● **Directions for this task**: The whole listing, please: repeat it exactly, with the pictures left out.

● **Source material**:
***
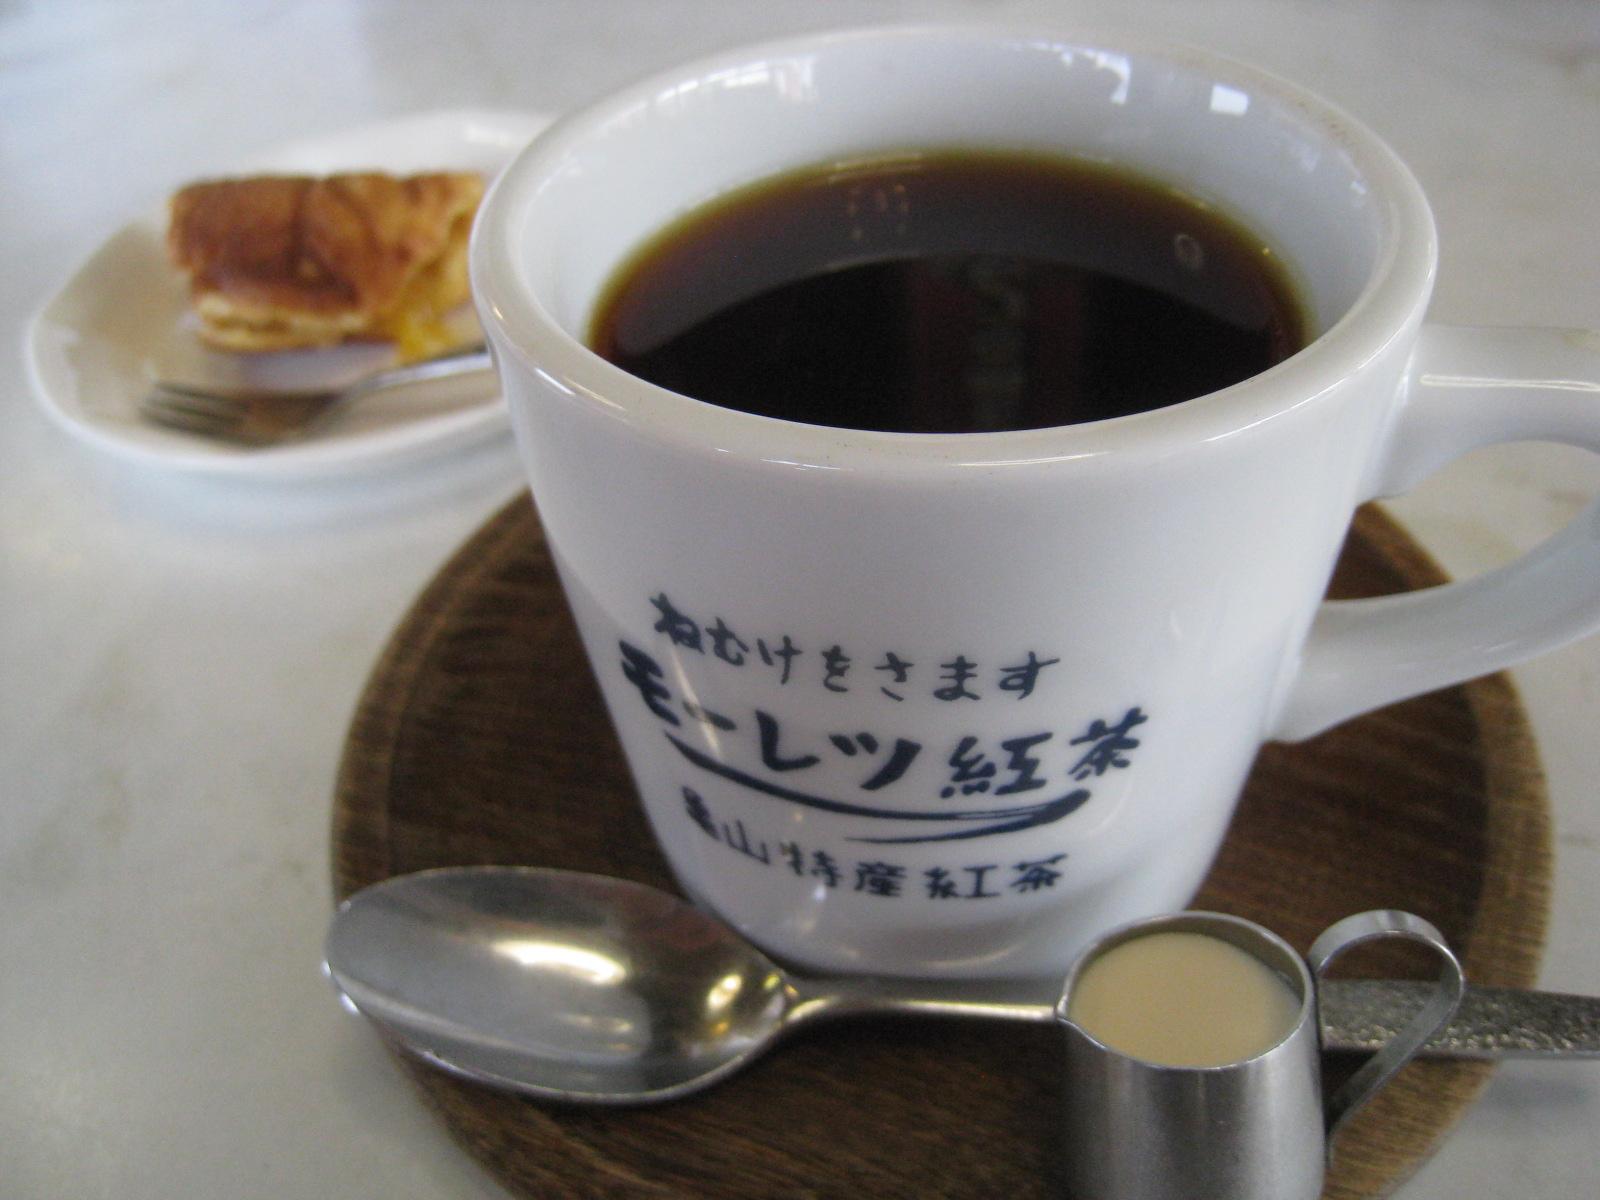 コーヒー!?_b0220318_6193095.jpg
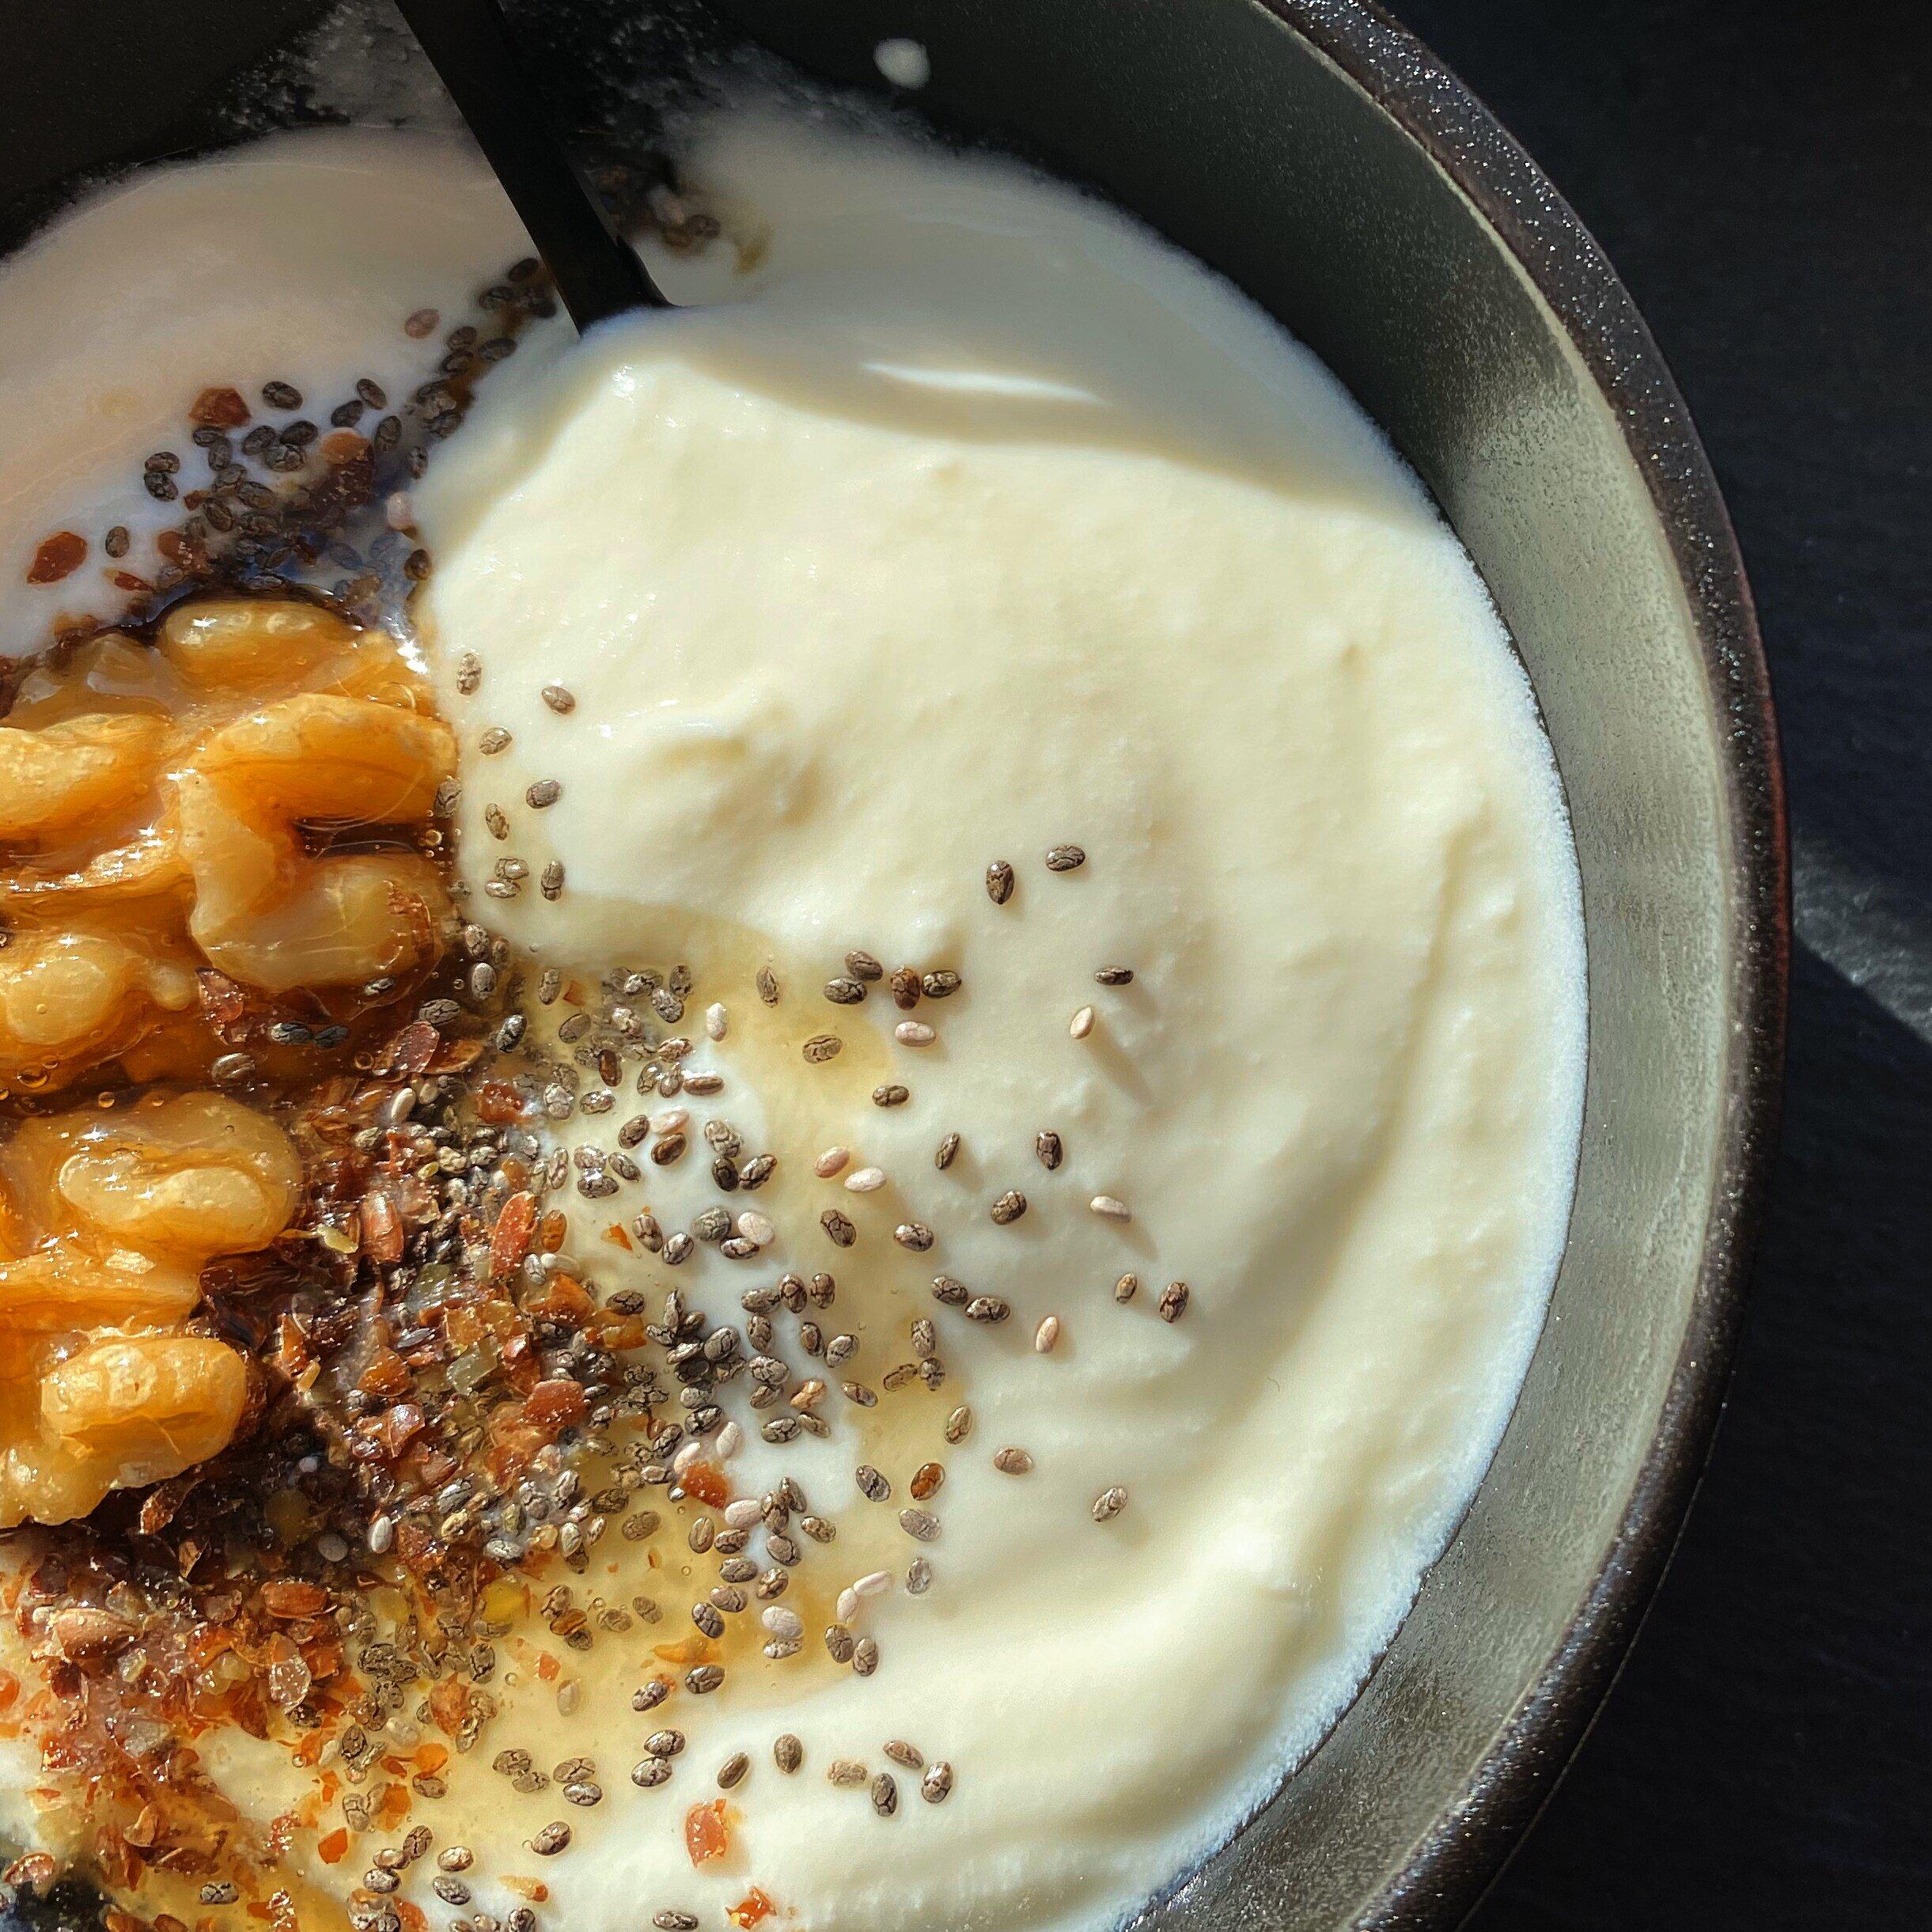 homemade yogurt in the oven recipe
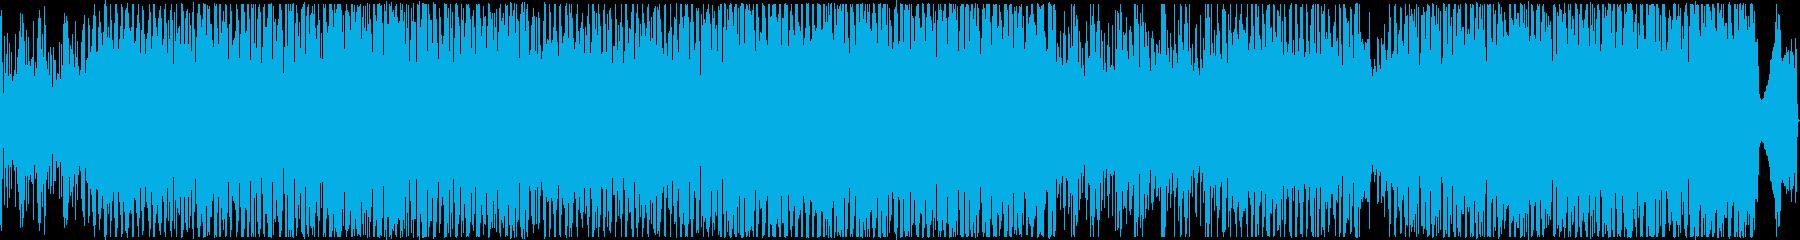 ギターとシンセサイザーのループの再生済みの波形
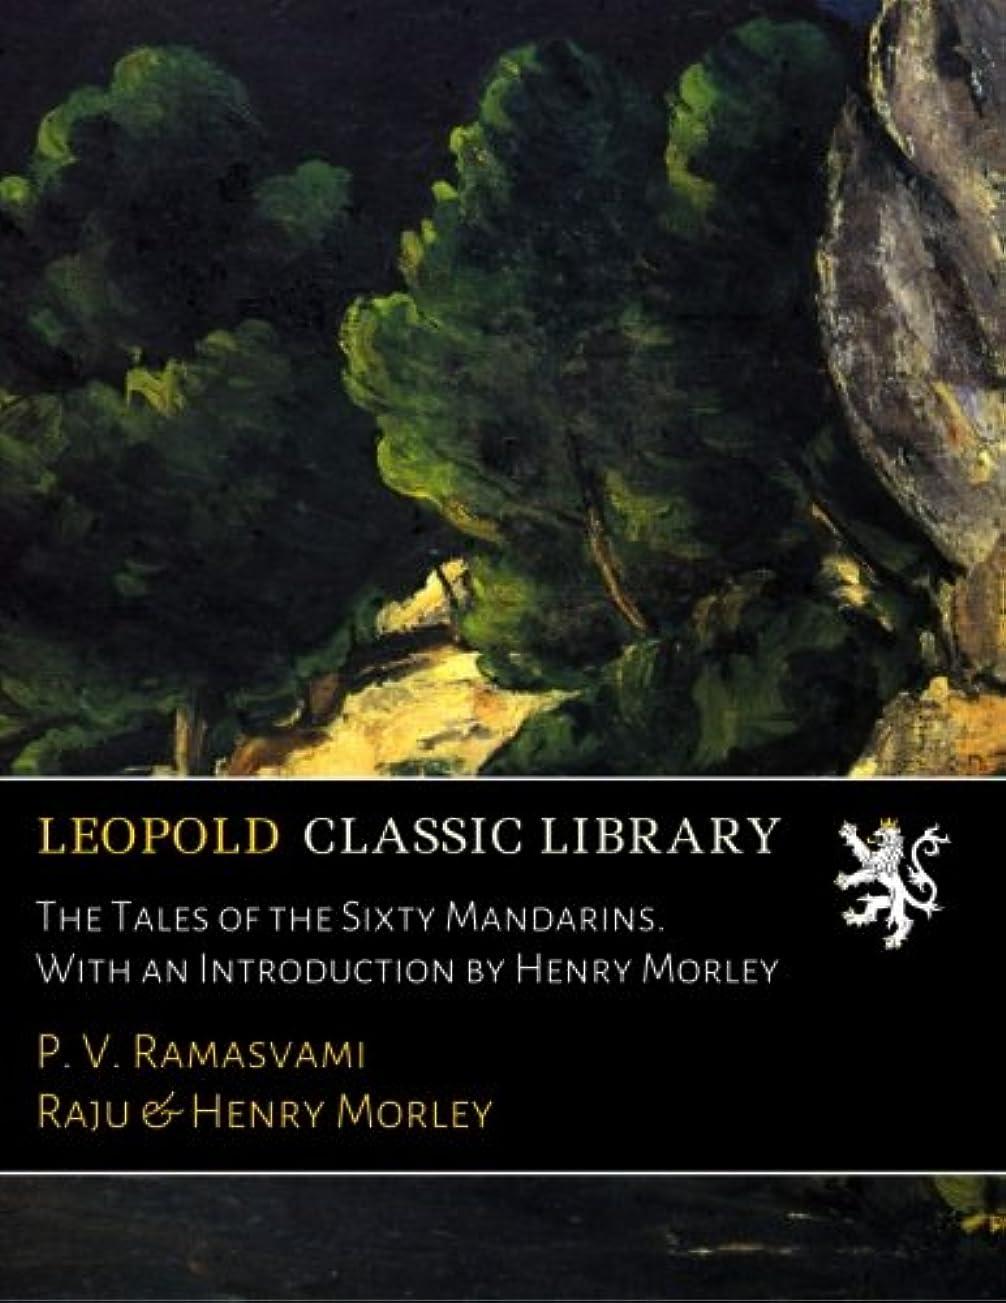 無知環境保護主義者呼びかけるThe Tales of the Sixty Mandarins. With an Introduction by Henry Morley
***
● **Response**:
 コーヒー!?_b0220318_6193095.jpg
 homemade yogurt in the oven recipe
 ギターとシンセサイザーのループの再生済みの波形
 無知環境保護主義者呼びかけるThe Tales of the Sixty Mandarins. With an Introduction by Henry Morley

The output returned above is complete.